Repeat only the lines below from the one that contains "Latihan Penggunaan Safety Belt Untuk Anak" through the final line, exactly. Omit pictures.

Recorded data:
- - - - - - -

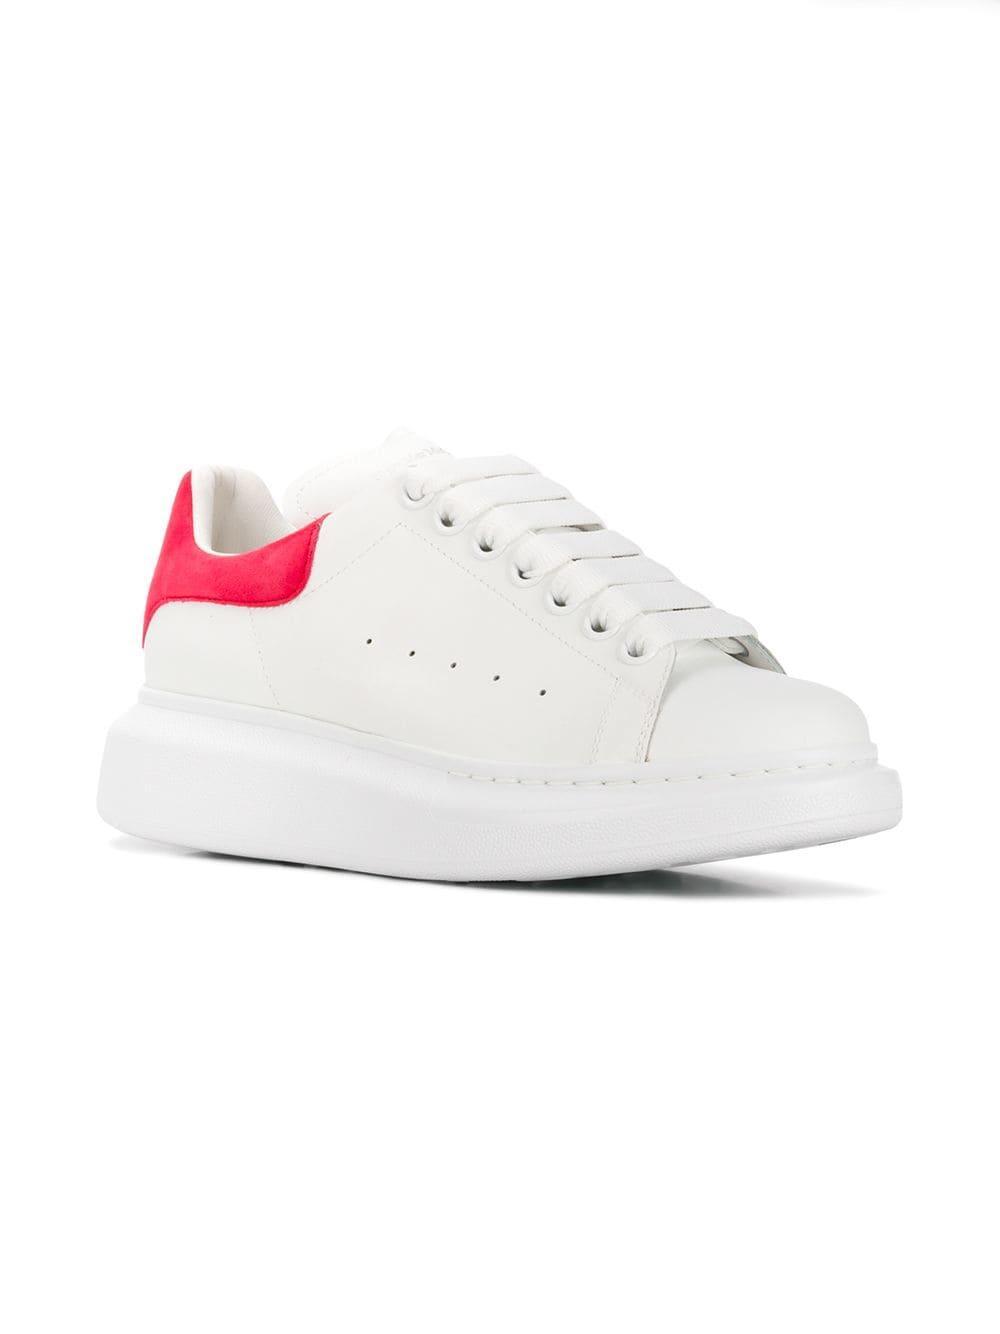 38201ea080d9 Alexander McQueen - White Oversized Sole Sneakers - Lyst. View fullscreen
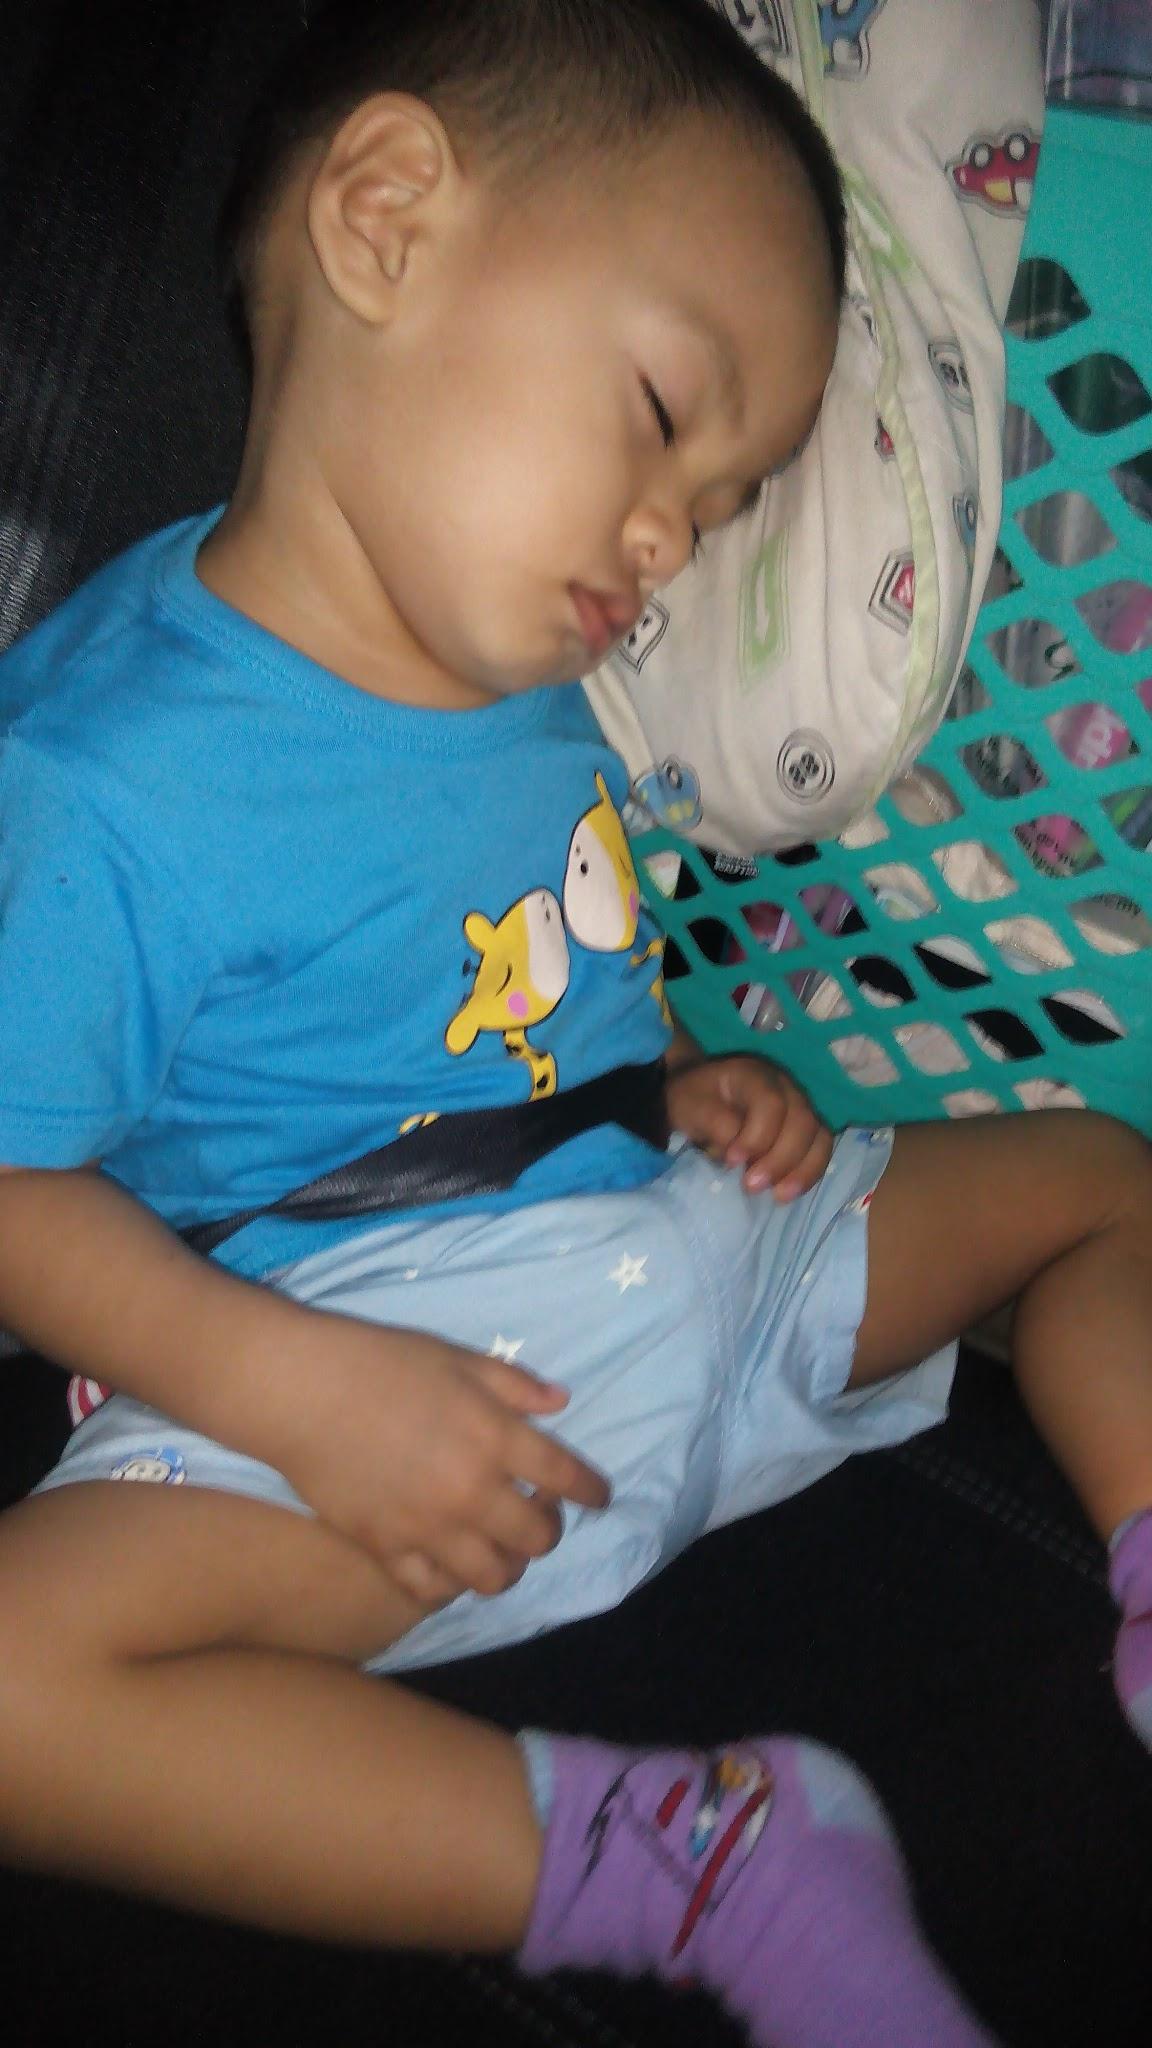 Latihan Penggunaan Safety Belt Untuk Anak
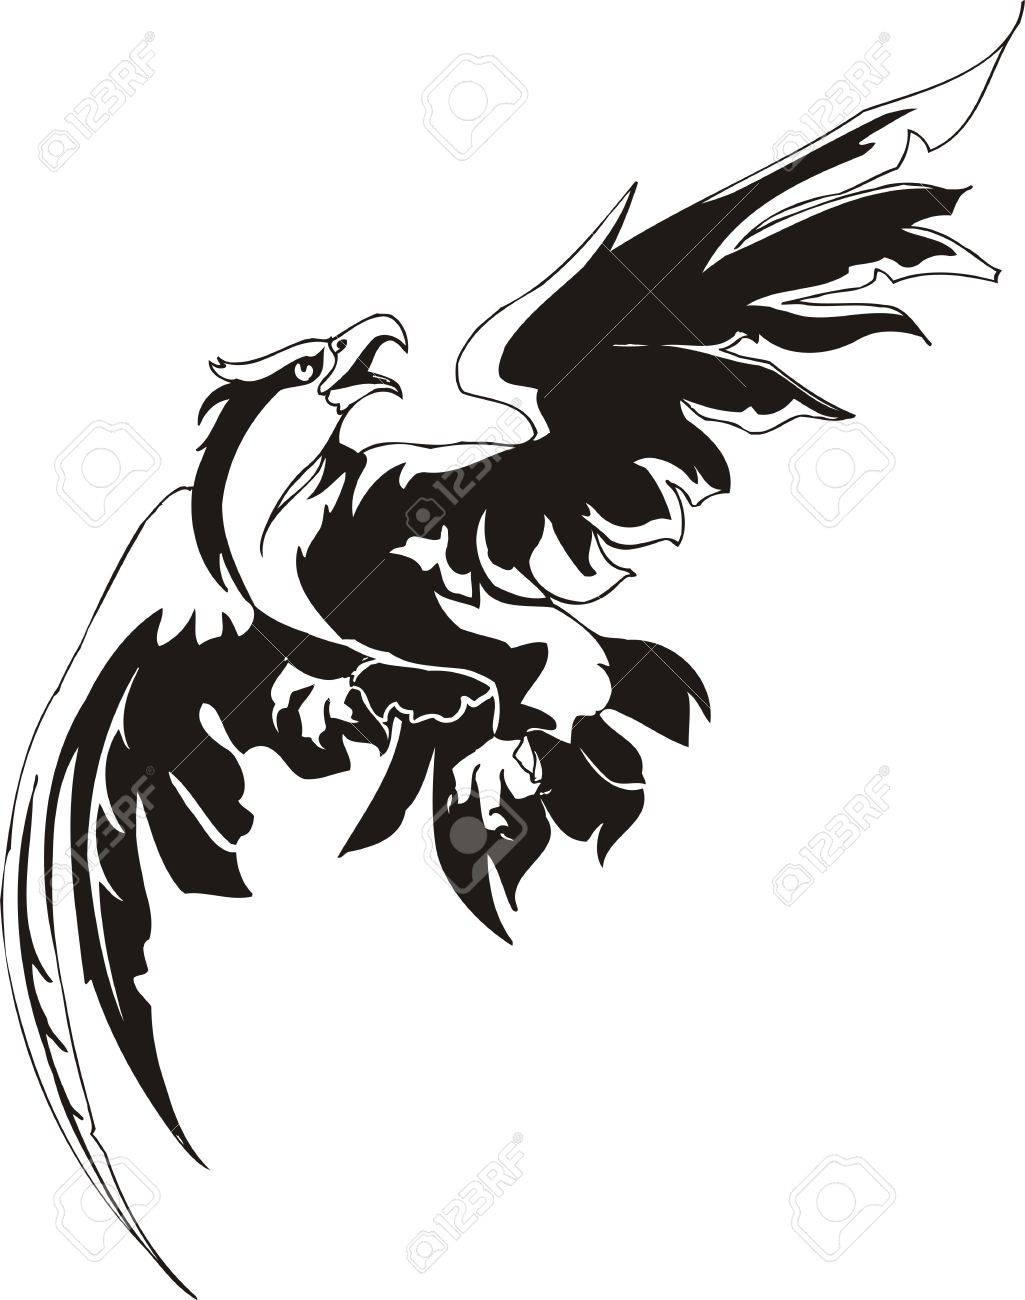 Eagle - predatory bird. illustration. Ready for vinyl cutting. Stock Vector - 8332285

- - - - - - -

Solution to this exercise:
 Latihan Penggunaan Safety Belt Untuk Anak
 Eagle - predatory bird. illustration. Ready for vinyl cutting. Stock Vector - 8332285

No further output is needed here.